A major healthcare strike is expected next week and the crisis has dominated media coverage here in recent weeks. Staff across a vast array of NHS services are expected to take to picket lines across the North next Wednesday. 

“On the doors, it hasn’t just been a Brexit election. Brexit of course comes up, it comes up in certain areas more than others. But ultimately, what comes up the most is health and no Northern Ireland Assembly,” says Little Pengelly. 

She says she has been trying to assure people that the DUP wants the Assembly, which collapsed nearly three years ago, to return.

“We didn’t collapse the Assembly, we have been willing to go back immediately. We are not for asking for anything to go back,” she says. 

SDLP

A short journey away in a middle-class suburb of Carryduff, which is home to voters with a wider array of party allegiances, Claire Hanna is hearing the same concerns. On one doorstep, a woman bemoans the state of the healthcare system in the North and the length of the waiting lists. 

She also asks why the Executive still hasn’t returned. 

It would have been better if it never collapsed, sighs Hanna. But she says there are signs that the North’s parties might be willing to get around a table again. 

Hanna, an MLA for the area, says she has been hearing similar concerns for weeks. The SDLP candidate and her team of 120 campaigners have been stressing that she is a local, a Remainer and an expert on Brexit. 

However, it was only in February that her future seemed uncertain after she opposed the SDLP’s partnership with Fianna Fáil. 

“I remember saying about three weeks ago, ‘God, I wish the election was today, I would definitely have won’, because there was a real motivation and enthusiasm. And then it has just inevitably dragged on a little bit and it’s Christmassy and people have shit to do,” she says. 

Still, she is quietly confident ahead of tomorrow’s vote. 

“We have done everything we can. I’m not into sporting analogies, but we have done everything we can, we have left nothing behind,” she says. 

Hanna is seen as something of the favourite. Sinn Féin polled over 7,000 votes in 2017 and if the party’s supporters back her, she has a strong chance of winning. 

However, Hanna disagrees that the Sinn Féin backing was a pivotal moment.
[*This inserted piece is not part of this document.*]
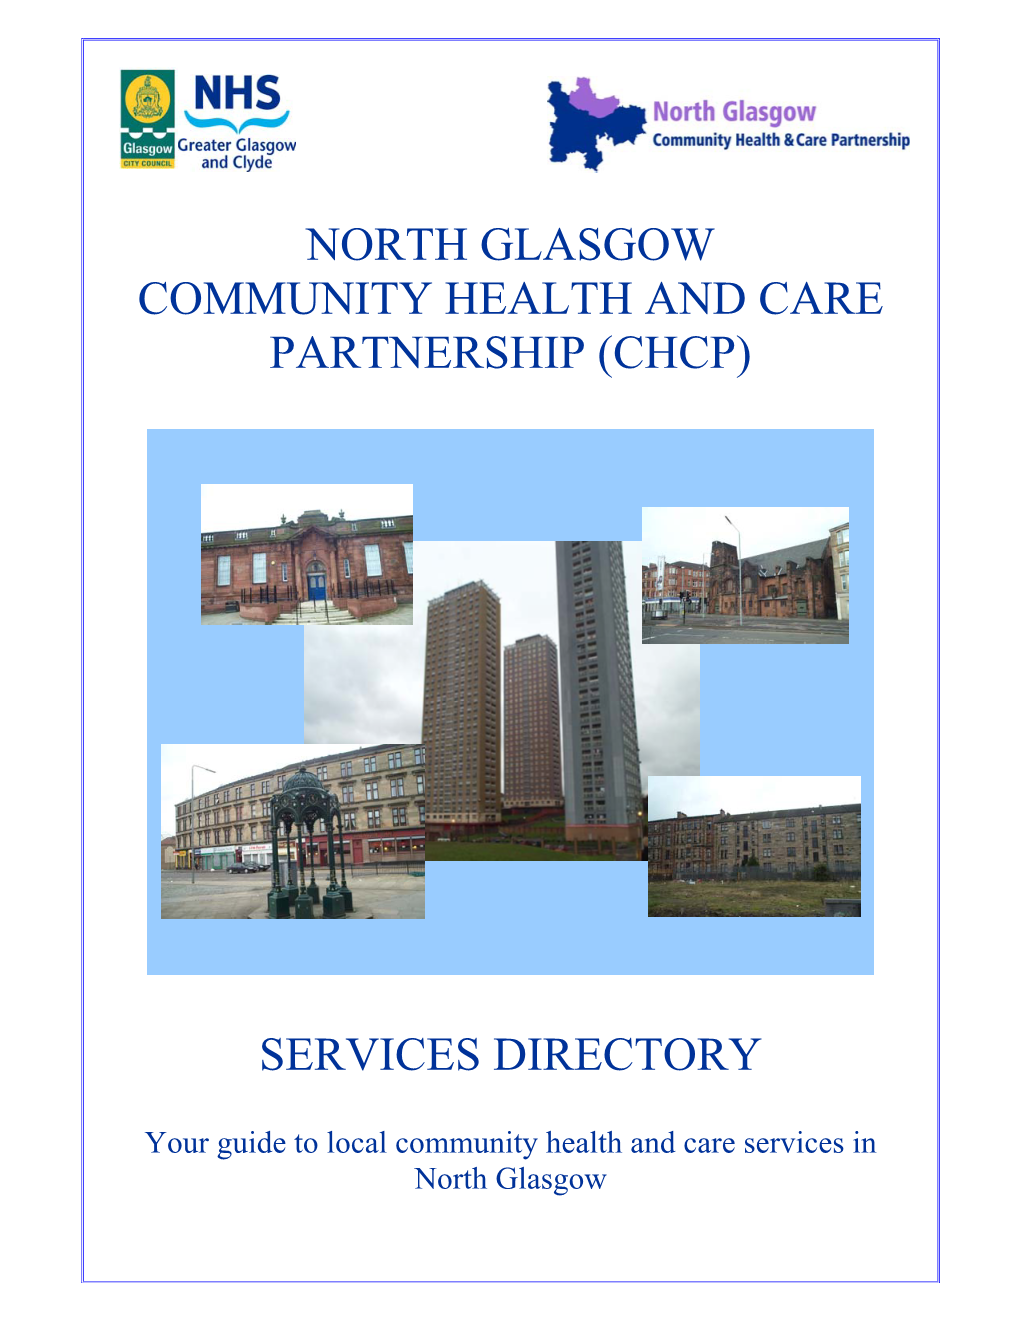 North Glasgow Community Health and Care Partnership (Chcp) Services Directory

Instead, she sees the Green Party’s blessing as the one that could help swing the election. 

“That really substantially contributed to it being a post-sectarian campaign and took it outside of what could have been perceived as a nationalist thing, because I think the Greens are well respected for being beyond that,” she says. 

We’re knocking on every door this time, because we need people coming from Alliance, Green, Sinn Féin, Ulster Unionist and non-voters. And we’re finding it.

It’s not the only backing she’s got. Fianna Fáil, Fine Gael and Labour have all fallen over themselves to help Hanna’s campaign, with even a bus load of Young Fine Gaelers joining her on the campaign trail. 

Today, her campaign team is somewhat older – no one on the team today was under 50. But Hanna says that hasn’t been the trend throughout the campaign, which has attracted a lot of twenty- and thirty- somethings who are beginning to be discontented with the state of the public services in the North. 

Her last piece of campaign literature – which prompted coos and chuckles from canvassers today – asks voters if they want a “scared future” – underscored by photos of Little Pengelly, Johnson and Ian Paisely Jnr – or a “shared future”. 

Dramatic campaign literature aside, the party has been making pains to stress it’s taking a positive approach to the campaign. However, that doesn’t stop it hoping that disaffection will deliver votes tomorrow. 

“I think the support is there. It’s just the extent we can turn it out,” she says.